I think that capital/ruling elite has become increasingly good at incorporating just enough of dissenting voices to nullify their power. I don't know anything about Turkey specifically though. I'm not sure that this means that you have to follow an activism path though, but then with the edit of this post and others, I think we're actually more in agreement that it may have seem when I first replied. Definitely agree on the last sentence, and about praxis... being a good marxist of course I see these pairs as existing in a dialectical relationship :)

Don't patronise and misrepresent me mate. You know that is not what I was saying. And anyway, I'm not arguing that we shouldn't help and intensify the struggle for people in need. What I object to is trying to persuade your reactionary tory-voting w/c neighbour.

I disagree. But it's about how you go about doing it. One little thing from this election that I thought was telling was UKIPs disability policy, which was to scrap ESA/WCA and replace it with something better. Now they are as anti-benefits as the Tories/Labour but yet they have this progressive sided policy, reason being that their disability spokesperson, Star Etheridge, is a wheelchair user and has experienced the nightmare of ESA/WCA herself and knows how shit it is. I know other anti-benefits tory types who've had family/friends put through that wringer and come round to realising that it needs to change; I've convinced similar people to oppose workfare because it doesn't work and undermines jobs. It can - and should - be done, but you have to pick your battles and often as not it needs to be someone having personal experience of it, or someone they know well so they have close secondhand experience.

Re: protest - people on both sides going on about it being useless if it doesn't affect real change. That change is not always quantifiable as in directly leading to a change in law. It breeds solidarity and gives people strength to fight on a personal level.
And it's important to register our dissent in these ways, even if the powers that be ignore us. Better than meekly rolling over and letting them shaft us.

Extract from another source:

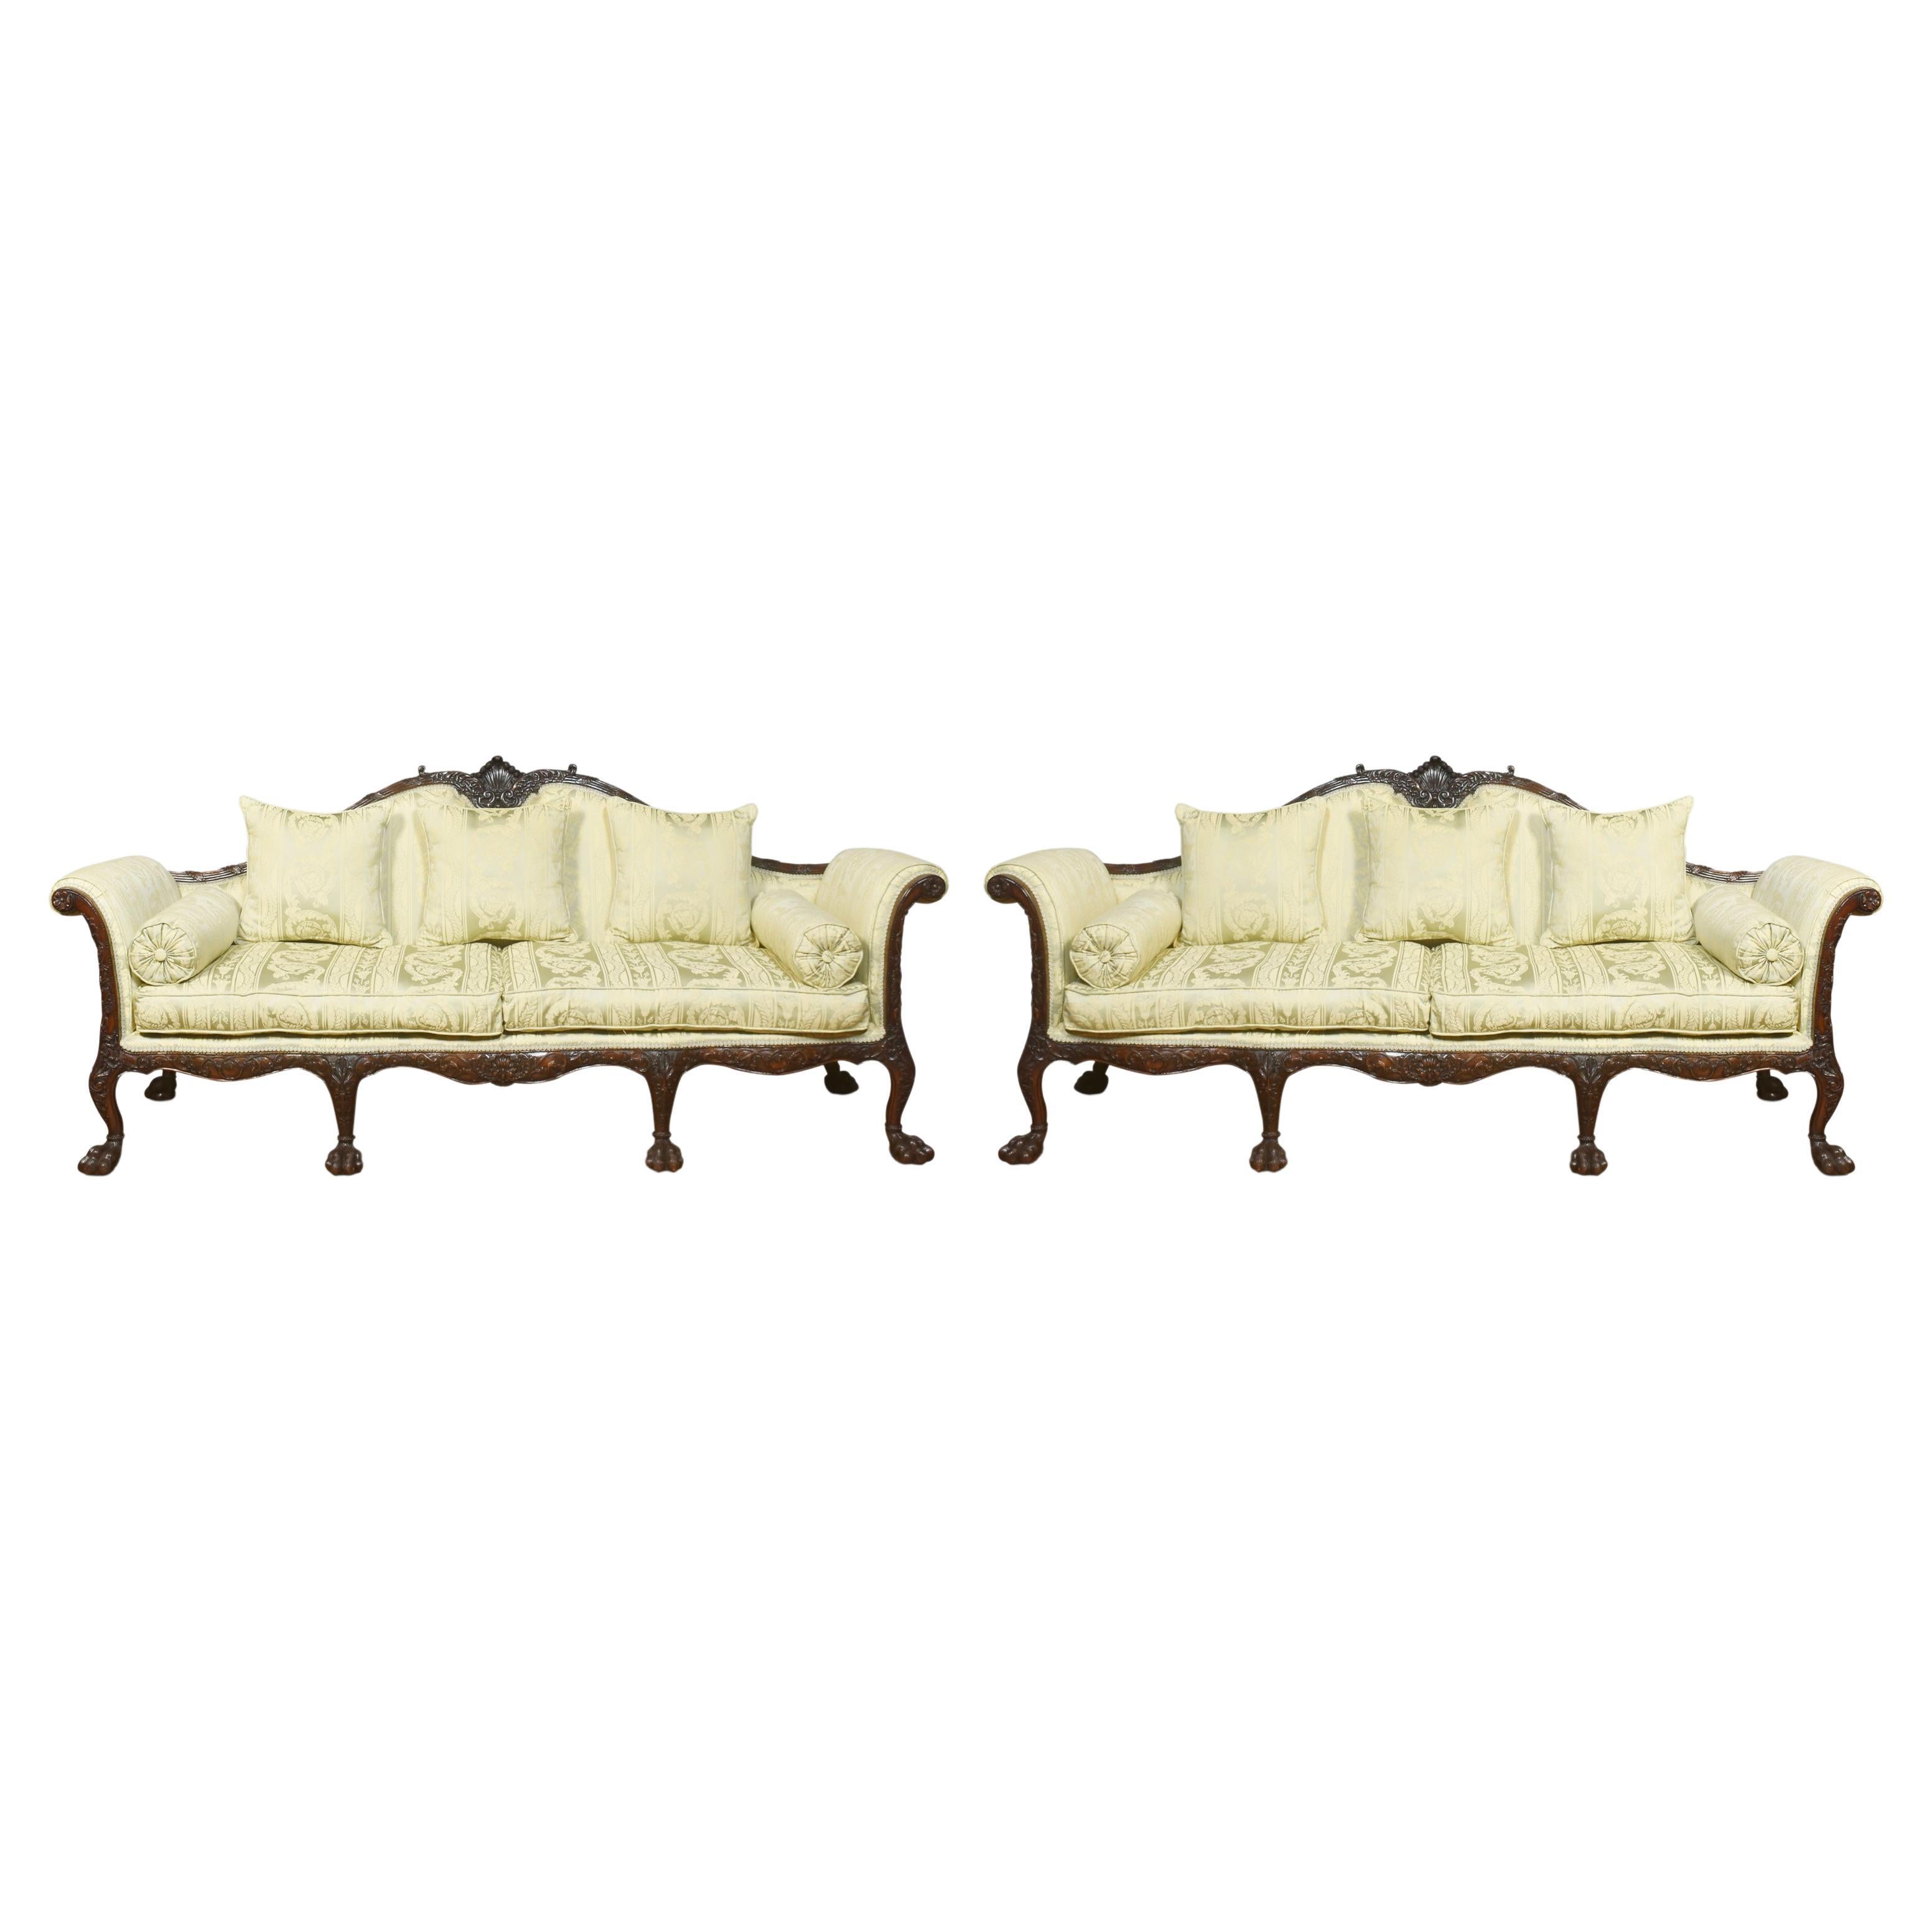 Pair of Chippendale Revival Settees For Sale

Agree, problem is that demo is always sold as being to bring about change, then when it doesn't, people feel that they've lost, no point, all that time/energy/money they put in, why bother again, and then any gains you've made in terms of solidarity are lost. The idea of what that kind of dissent does needs to change.
 
I voted Tory as a first time voter (long time lurker of this forum & supporter of socialism) for 2 reasons:

1) Economic stability is the keystone upon which socialism can be built. The tory's provide this, through their short-term management of the deficit and stabilising of bond markets.
2) As a person interested in social justice, particularly feminism and gay rights, I have been put off Labour by the attitude displayed on this board. While Labour and the Left are frantically trying (as seen a few posts above this) to link low-stakes opposition to casual sexism and homophobia to their historical failure to garner any support, the Tories have actually been consciously getting on board with social justice.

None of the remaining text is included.